Upon its entry into the war, the US chose its largest and longest-ranged available naval gun to fill the gap—the 14"/50 caliber Mk 4 gun with a muzzle velocity of 2800 feet per second. The new 16-inch gun would have been preferable, but it was not yet available in numbers; spare 14-inch guns kept for the active fleet were used instead.
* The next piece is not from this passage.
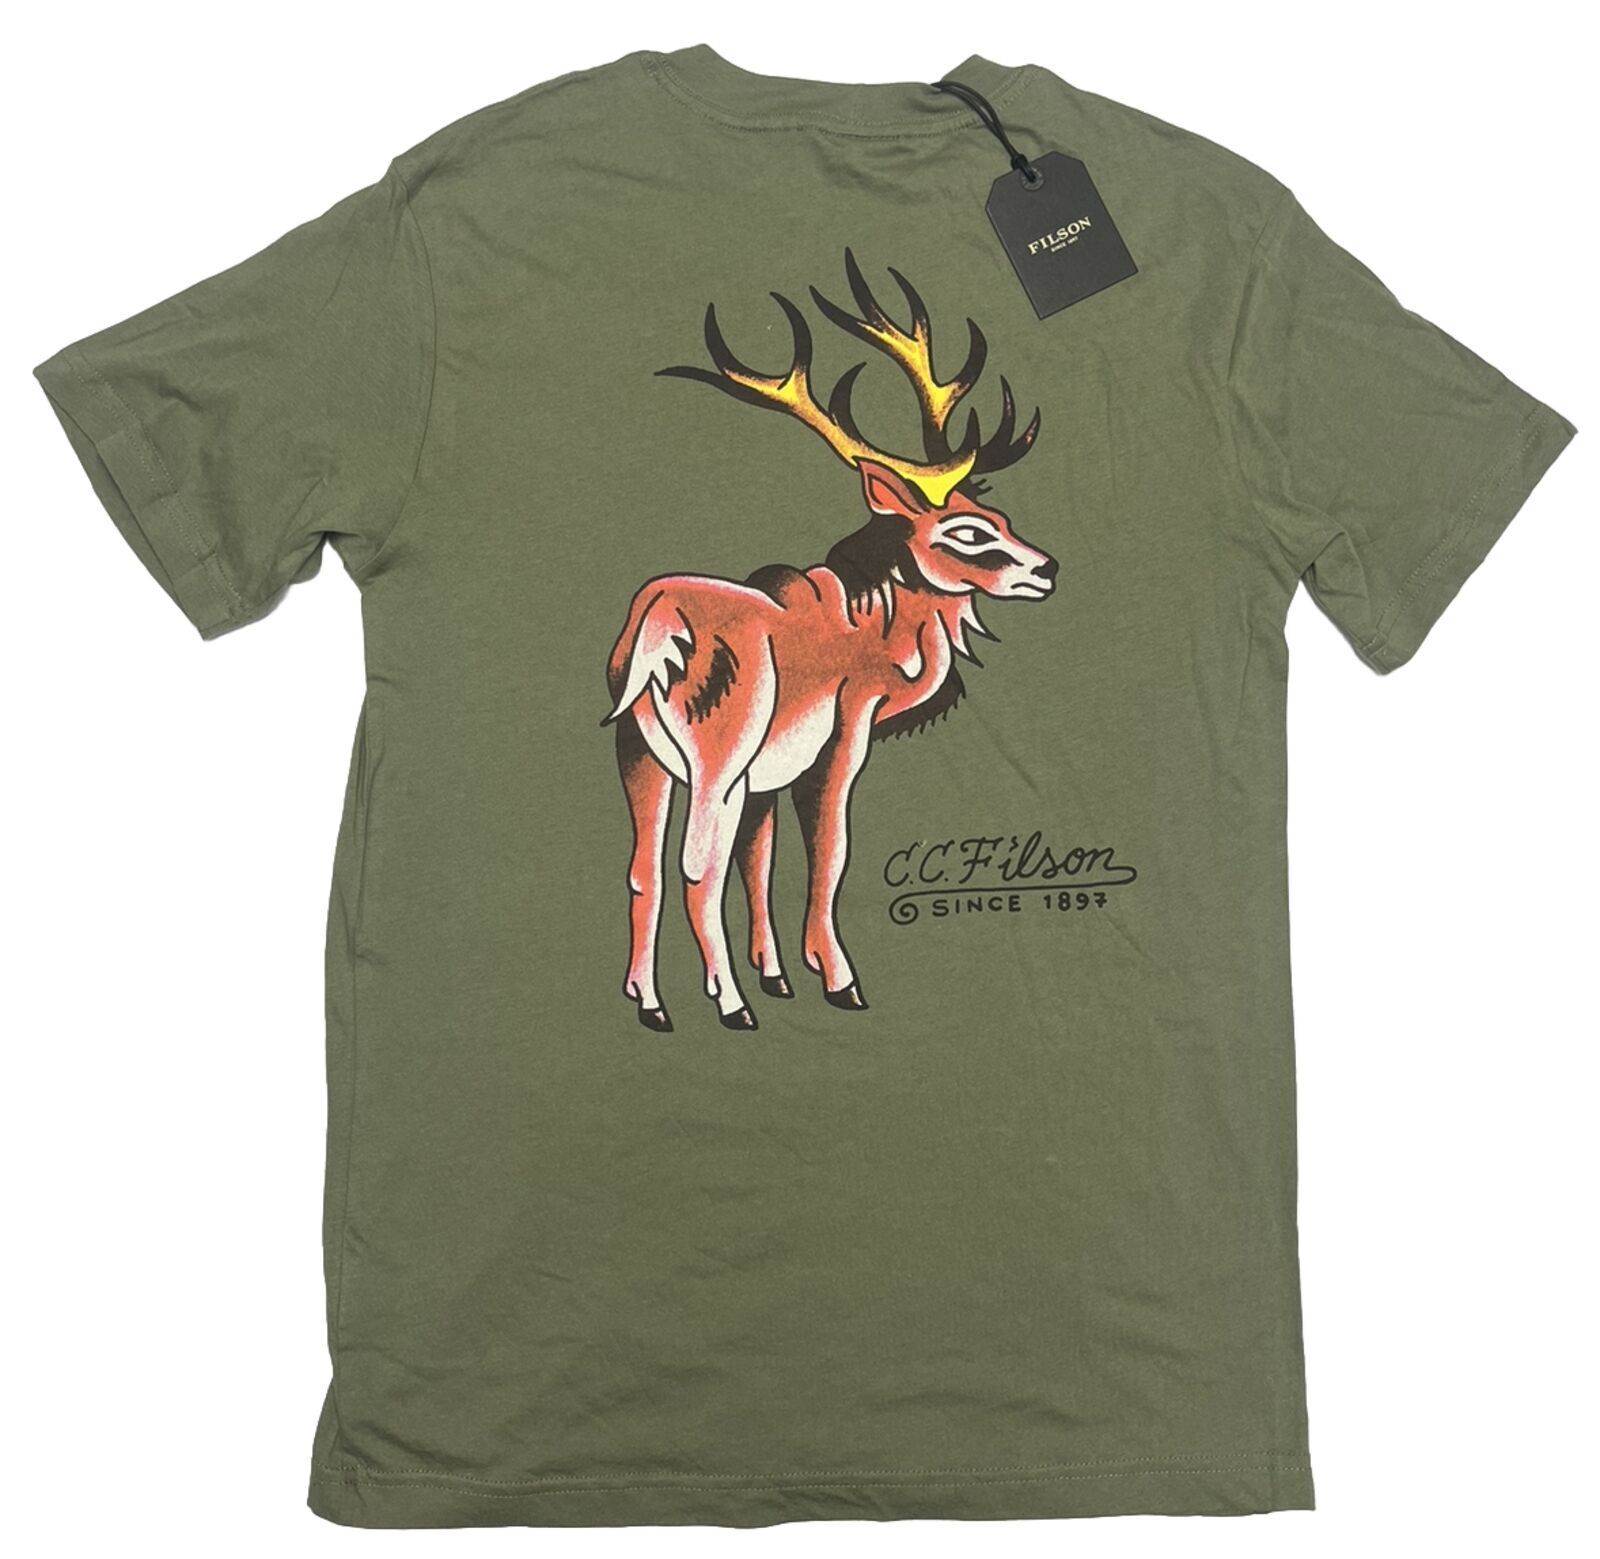 Filson Ranger Small T-Shirt Tee Soft Vintage Logo Retro Hunting S Fishing CC

Baldwin Locomotive Works delivered five trains for the United States Navy during April and May 1918. Each train transported and supported a 14"/50 caliber Mk 4 gun mounted on a rail carriage with four 6-wheel bogies.

===Arrival in France===
There was some doubt as to whether the Flanders coast and French Channel ports were now safe Allied ports, following the German spring offensive successes in March and April 1918 which brought those areas within German artillery and attack range. The guns were therefore diverted from the British zone in the north to further south, to the port of St. Nazaire, to avoid the risk of having such valuable assets captured or destroyed.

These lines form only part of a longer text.